UN Official to present Assembly Series lecture on the United Nations and Iraq

Mark Malloch Brown, Administrator of the United Nations Development Programme (UNDP), the United Nations global development network, will be delivering the Stein Lecture in Ethics as part of the Assembly Series lectures at Washington University at 11 a.m. on Wed., Nov. 12 in Graham Chapel. The chapel is located just north of Mallinckrodt Center (6445 Forsyth Blvd.) on the Washington University campus. Assembly Series lectures are free and open to the public. The title of his talk is “Six Months after Iraq: Why the UN Matters.”

Since 1999, Malloch Brown has overseen comprehensive reforms at the UNDP and has been recognized as making the agency more focused, efficient and effective in the 166 countries it serves. He expanded United Nations support to developing countries in various areas, including democratic governance and utilizing information and communications technology to support development. UN Secretary General, Kofi Annan, gave Malloch Brown the responsibility of leading the United Nation’s system in developing a strategy to cut extreme poverty by half by 2015.
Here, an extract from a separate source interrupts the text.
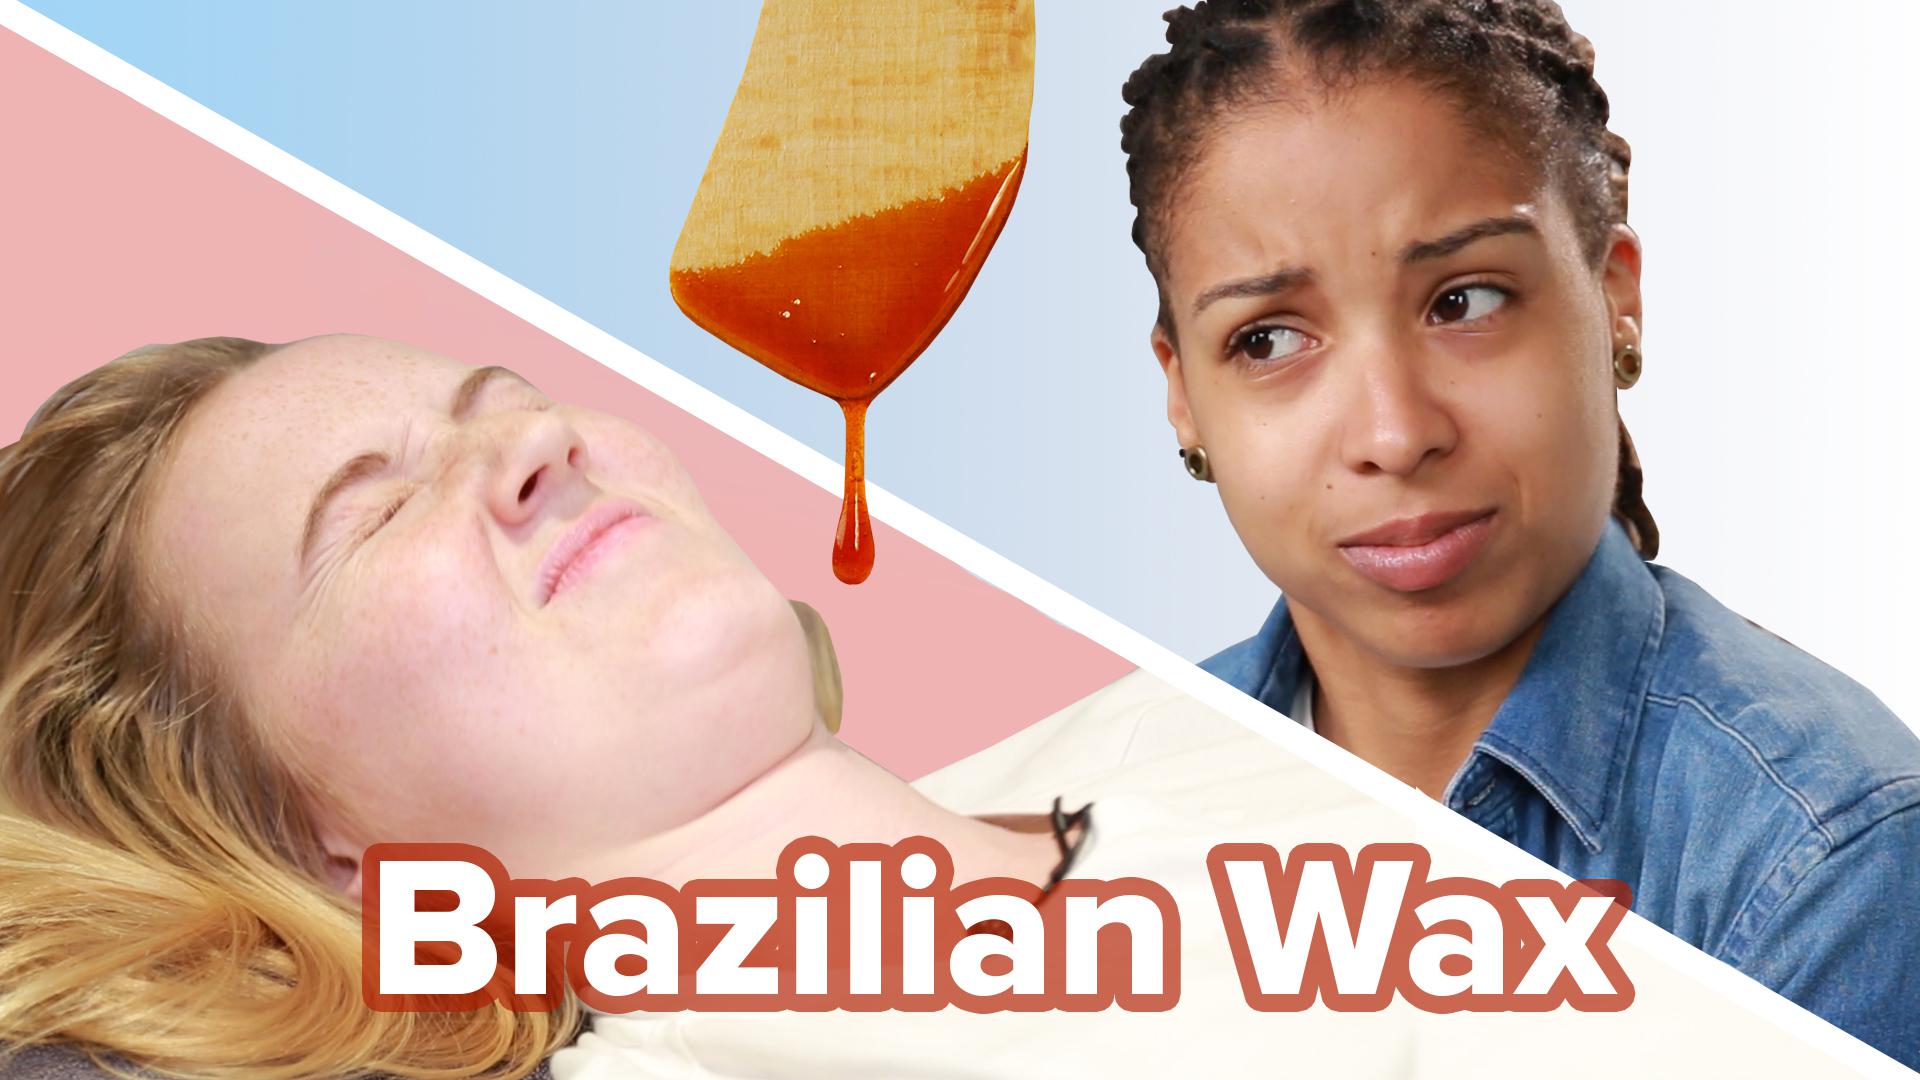 brian saraiva recommends Brazilian Waxing Video Full

From 1994-1999, Malloch Brown served as Vice-President for External Affairs and United Nations Affairs at the World Bank. He has an extensive background advising governments, political leaders and corporations. He worked for the Office of the United Nations High Commissioner for Refugees and was founder of the Economist Development Report where he served as editor from 1983-1986.

He studied at Magdalene College, Cambridge University, where he received an honours degree in history and earned a master’s degree in political science at the University of Michigan.